Moreover, many family sociologists have engaged with the problem of the concept of “family”, in a time of increasing levels of family breakdown and re-formation. David Morgan, for instance, suggests that we should use “family” not as a noun, but as an adjective, and proposes a notion of “family practices” to counter the reification of the concept. Others have sought to deal with social change and the challenges posed by lesbian and gay movements and theorists by pluralizing the notion of “family”, so that they now always speak of “families”. The approach currently dominant in Anglo-American sociologies of gender and family emphasizes the diversity of family forms and experiences, and how the membership of families changes over time, as they breakdown and re-form. Certainly in its more liberal-minded incarnations, this approach welcomes lesbian and gay “families of choice” into the “family tent”.

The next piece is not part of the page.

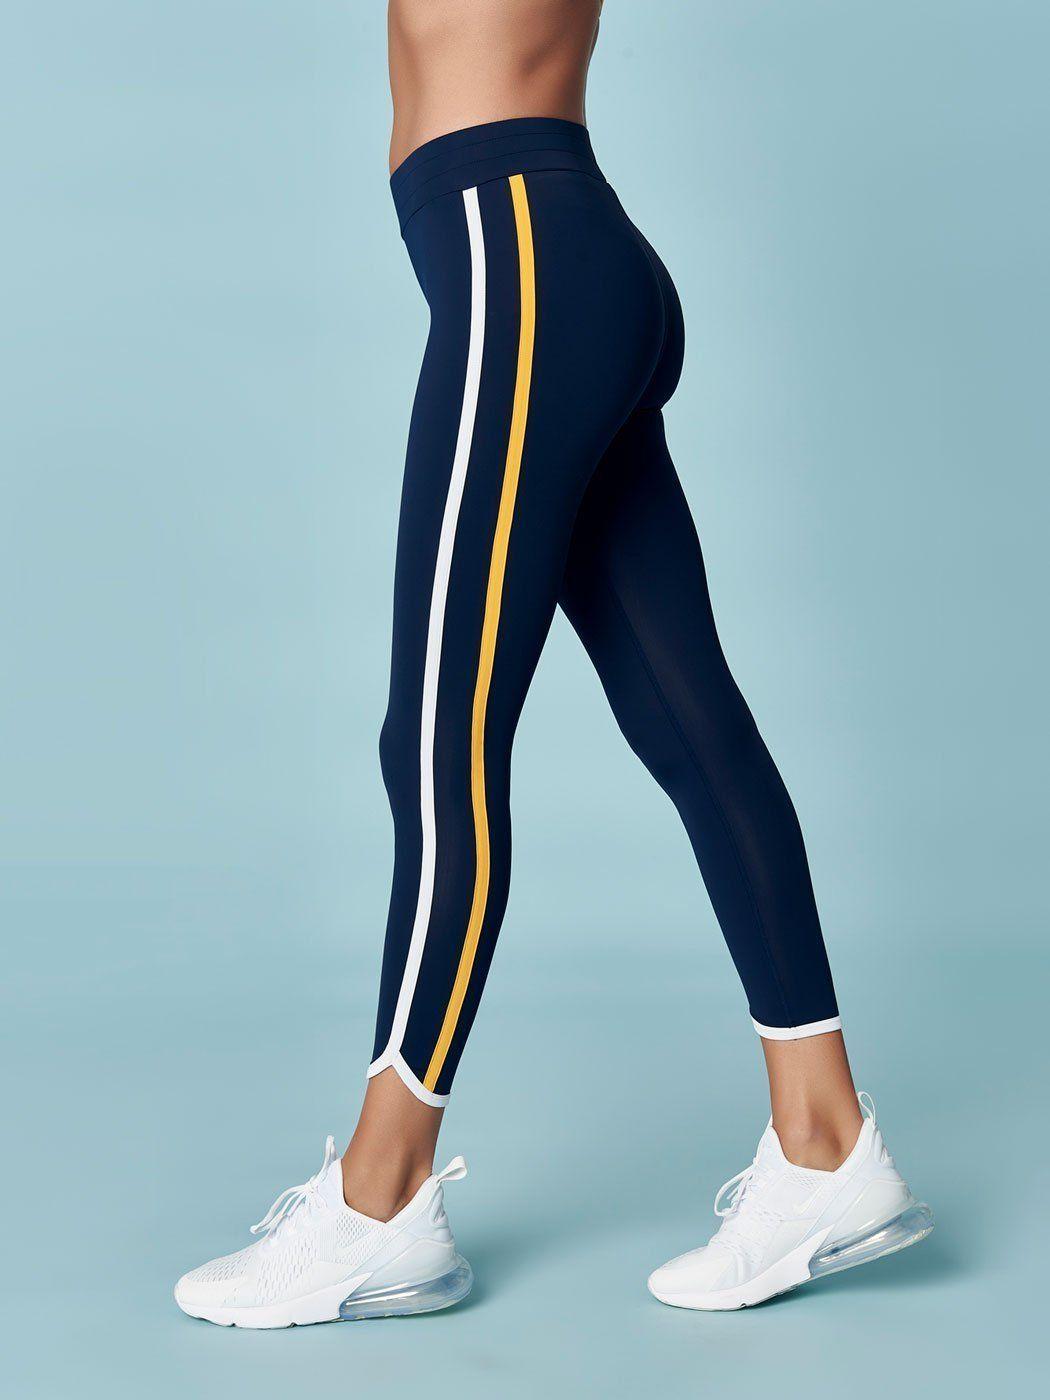 Dream Team Plunge Bra in 2020 Women's fashion leggings

This shift has been an important one. It acts as a counter to the explicitly anti-gay and anti-feminist political discourse of “family values”, which developed in the US and UK during the 1980s and 1990s. However, these moves to pluralize notions of “family”, even when they embrace the study of lesbian and gay families, are insufficient to the task of understanding the full range of contemporary formations of personal life for two reasons. Firstly, they leave unchanged the heteronormativity of the sociological imaginary; and secondly, they are grounded in an inadequate analysis of contemporary social change.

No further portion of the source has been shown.